Recent clashes over casino expansion in Illinois make it easy to forget that gambling was once a leisure staple in Chicago.

Not in today’s slot machine heavy, Horseshoe Casino extravaganza sort of way, of course. In 1890s, Chicago gambling took place in back alley saloons, tony parlors and other dens of sin. (And, depending on how you looked at it, at the Chicago Board of Trade. One observer wryly cautioned readers that buying futures was “just another way to lose one’s money betting against the house.”)

That admonition is just one of many offered up by the anonymous author(s) of Chicago by Day and Night: The Pleasure Seeker’s Guide to the Paris of the Americas, an 1892 guide to Chicago’s entertainment nooks and crannies offered to tourists and travelers who flocked to Chicago by the hundreds of thousands for the World’s Columbian Exhibition. Beyond gambling, the book warns male visitors to steer clear of lecherous, short-term golddiggers, in a chapter titled “As to Adventuresses,” and encourages tamer pleasure-seekers to visit some of the city’s earliest museums.

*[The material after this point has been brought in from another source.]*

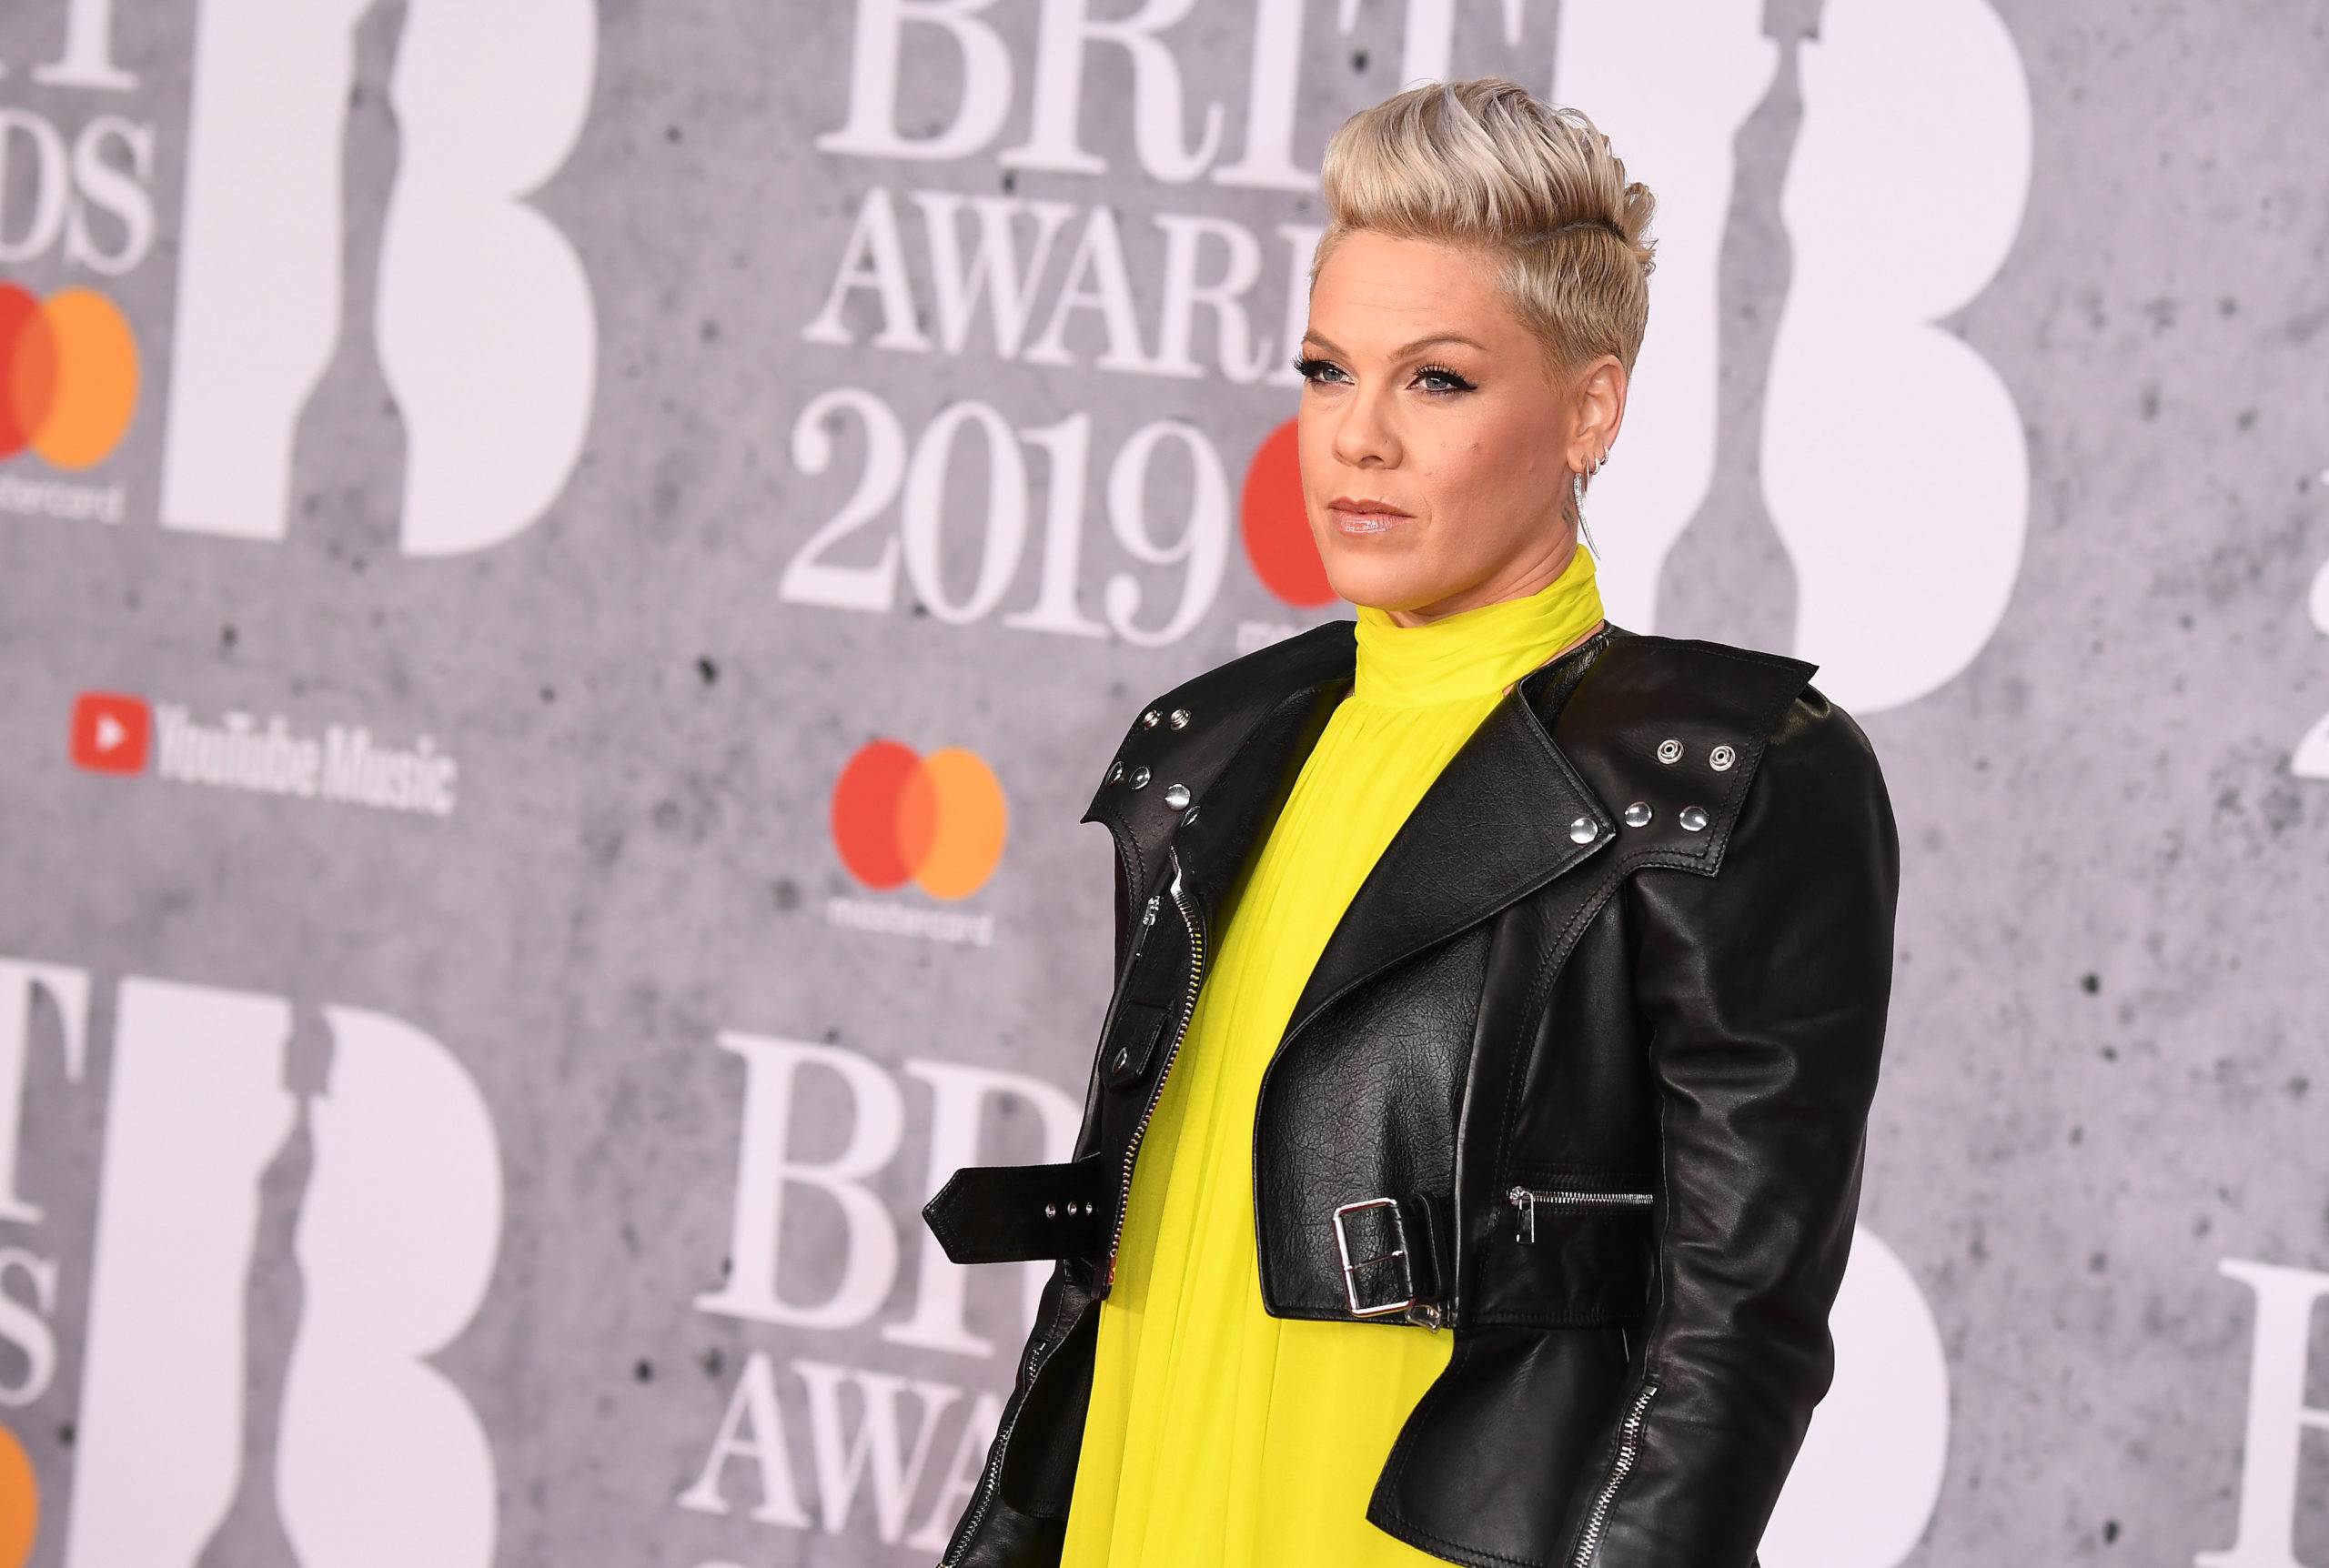 Pink Is Taking a Break From Music to Focus on Her Family

The original pressing of Chicago by Day and Night was lost to history, obsolete by the time the fair ended. But the book has now been resurrected by Northwestern University Press, along with explanatory annotations by Bill Savage, a senior lecturer at the school, and Paul Durica, a newly minted University of Chicago PhD who offers whimsical walking tours and reenactments through his series Pocket Guide to Hell.

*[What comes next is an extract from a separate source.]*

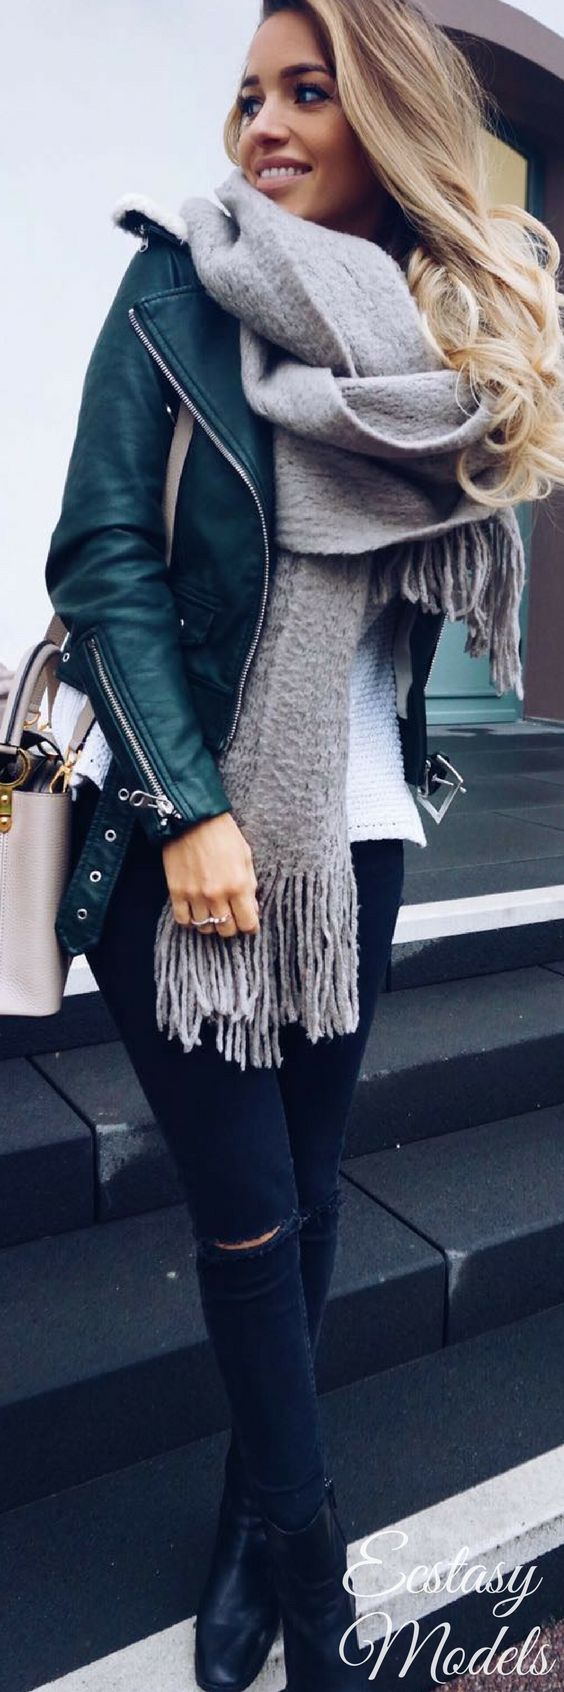 How to Look Great When It’s Really Cold Outside

Savage and Durica have collaborated prior to this, on a Nelson Algren-themed bar crawl and other events. And while Savage concentrates on 20th century history, Durica’s an expert on the 19th century. So when he was pressed by acquisitions editor Michael Levine, Savage agreed to write the guide’s introduction – but only if Durica was on board to help.

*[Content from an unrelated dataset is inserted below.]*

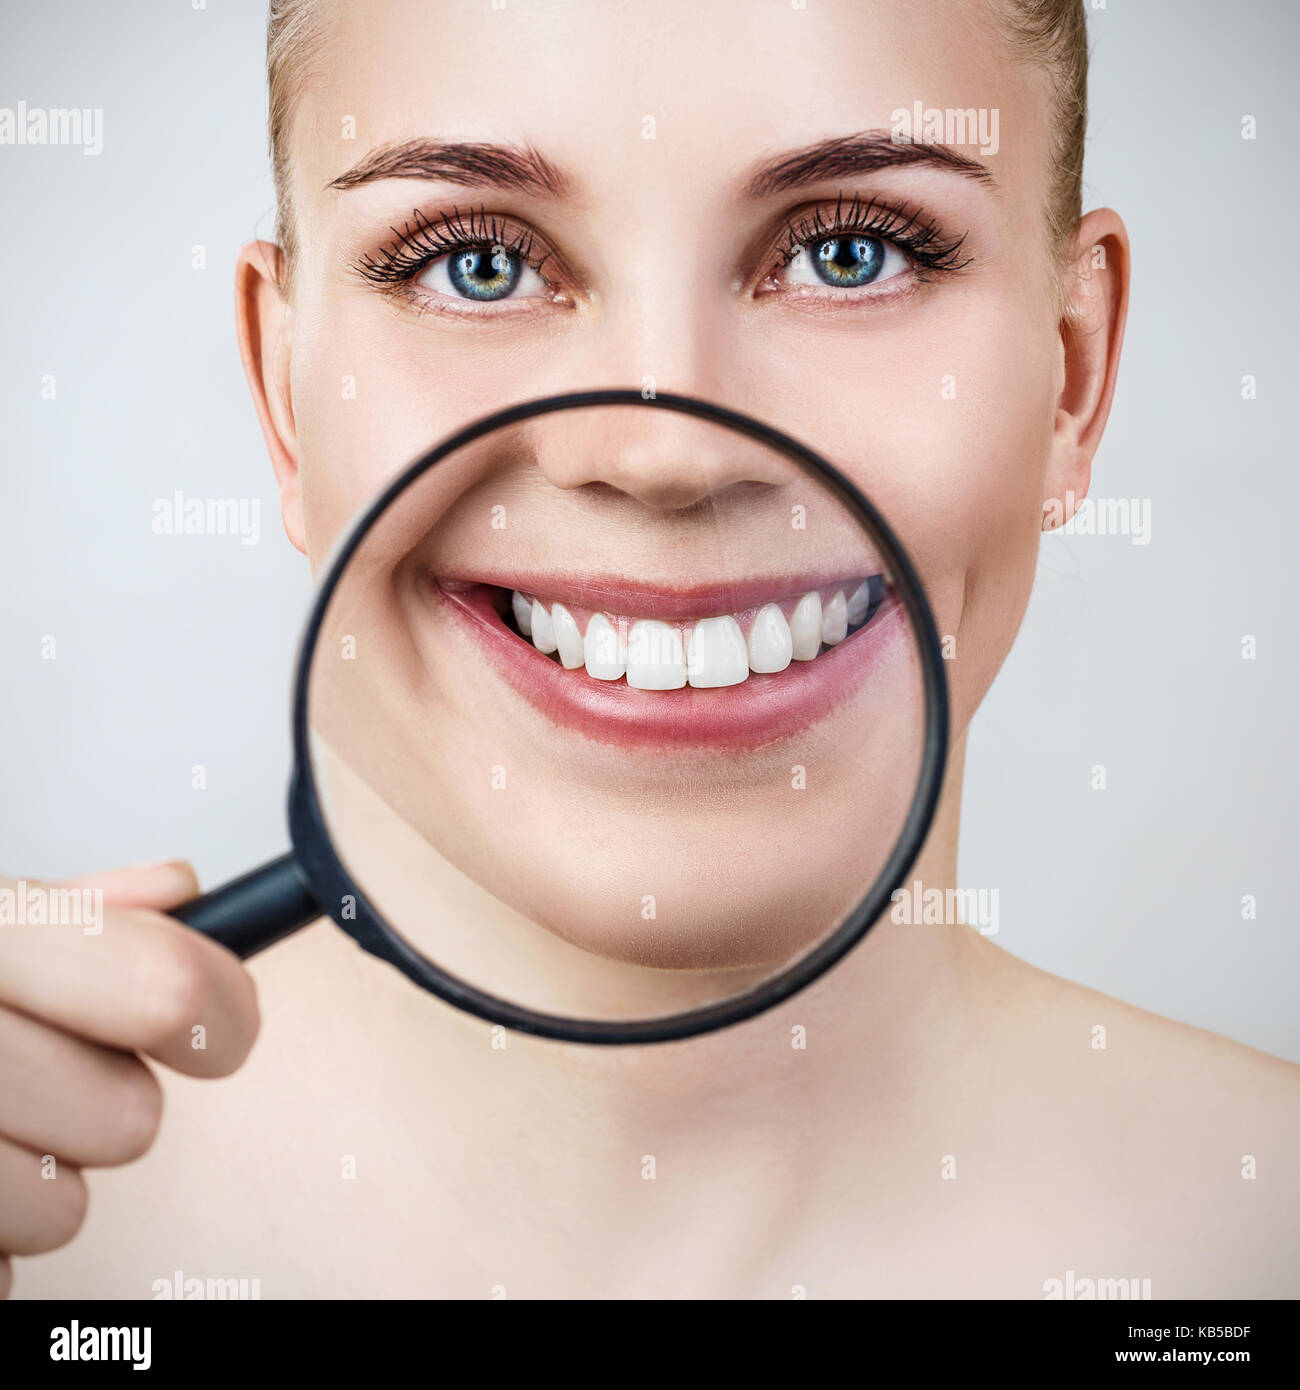 Woman with magnifying glass presents white teeth. Stock Photo

Durica said they decided to annotate the original book as well because it was “a document of the moment.”

“We’re 120 years removed,” he said. “A lot has changed.”

Those gambling dens, and other houses of pleasure? Gone, Durica says, the victim of the 1894 global economic crash. “Places oriented around leisure and sensual pleasure went out of business,” he said. “They were some of the first things to fold.”

Felled, but not forgotten. Hear Durica and Savage tag-team a reading from their chapter on gambling in the audio above.

Dynamic Range showcases hidden gems unearthed from Chicago Amplified’s vast archive of public events and appears on weekends. Bill Savage and Paul Durica spoke at an event presented by the Newberry in May of 2013. Click here to hear the event in its entirety.

Robin Amer is a producer on WBEZ’s digital team. Follow her on Twitter @rsamer.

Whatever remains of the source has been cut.